I am using api gateway proxy for s3 to read feather files. Below is the simplest form of the code I am using.

import pandas as pd

s3_data=pd.read_feather('https://<api_gateway>/<bucket_name/data.feather>')

This gives an error -

   reader = _feather.FeatherReader(source, use_memory_map=memory_map)
  File "pyarrow\_feather.pyx", line 75, in pyarrow._feather.FeatherReader.__cinit__
  File "pyarrow\error.pxi", line 143, in pyarrow.lib.pyarrow_internal_check_status
  File "pyarrow\error.pxi", line 114, in pyarrow.lib.check_status
OSError: Verification of flatbuffer-encoded Footer failed.

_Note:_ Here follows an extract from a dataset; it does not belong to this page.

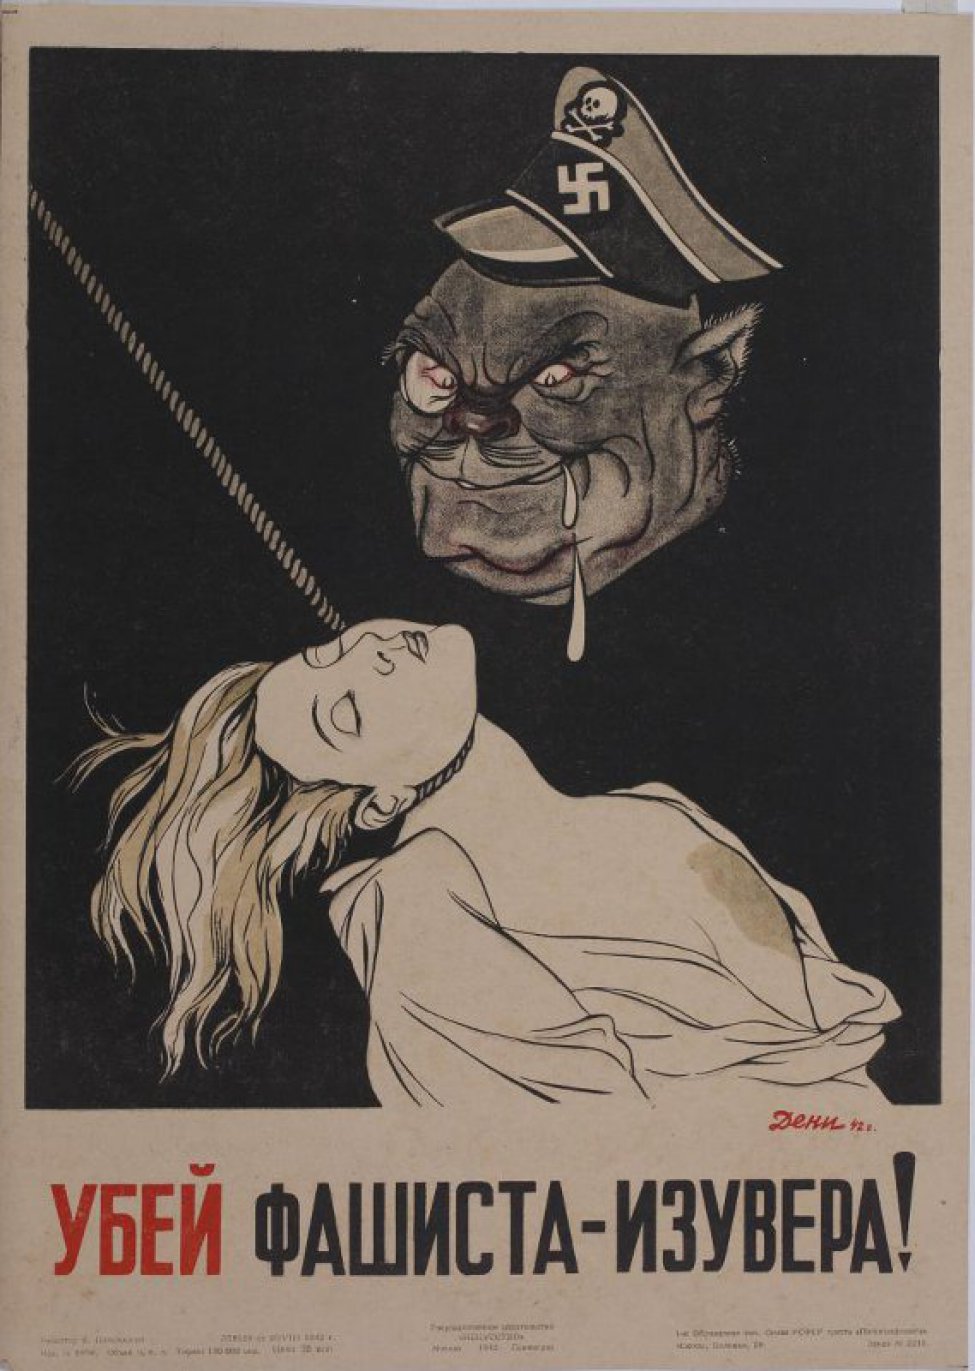 На чёрном фоне изображена голова фашиста со свастикой и черепом на шапке. С пеной у рта он смотрит на свою жертву - висящую на верёвке полуобнажённую задушенную девушку. Внизу призыв.

If I keep the feather file on my local and read it like below, all works fine.

s3_data=pd.read_feather("file://localhost//C://Users//<Username>//Desktop//data.feather")

How do I make this work ?

Naxi
  • 1,504
  • 5
  • 33
  • 72

1 Answers1

0

Maybe the gateway proxy needs to do some redirection, that makes it fail. I would have done something like this:

from s3fs import S3FileSystem

fs = S3FileSystem(anon=True)
with fs.open("<bucket>/data.feather") as f:
    df = pd.read_feather(f)

s3fs is part of Dask. There are also other similar layers that you can use.

PS: if you are using feather for long term data storage, the Apache Arrow project advises against it (maintainer of feather). You should probably use parquet.

suvayu
  • 4,271
  • 2
  • 29
  • 35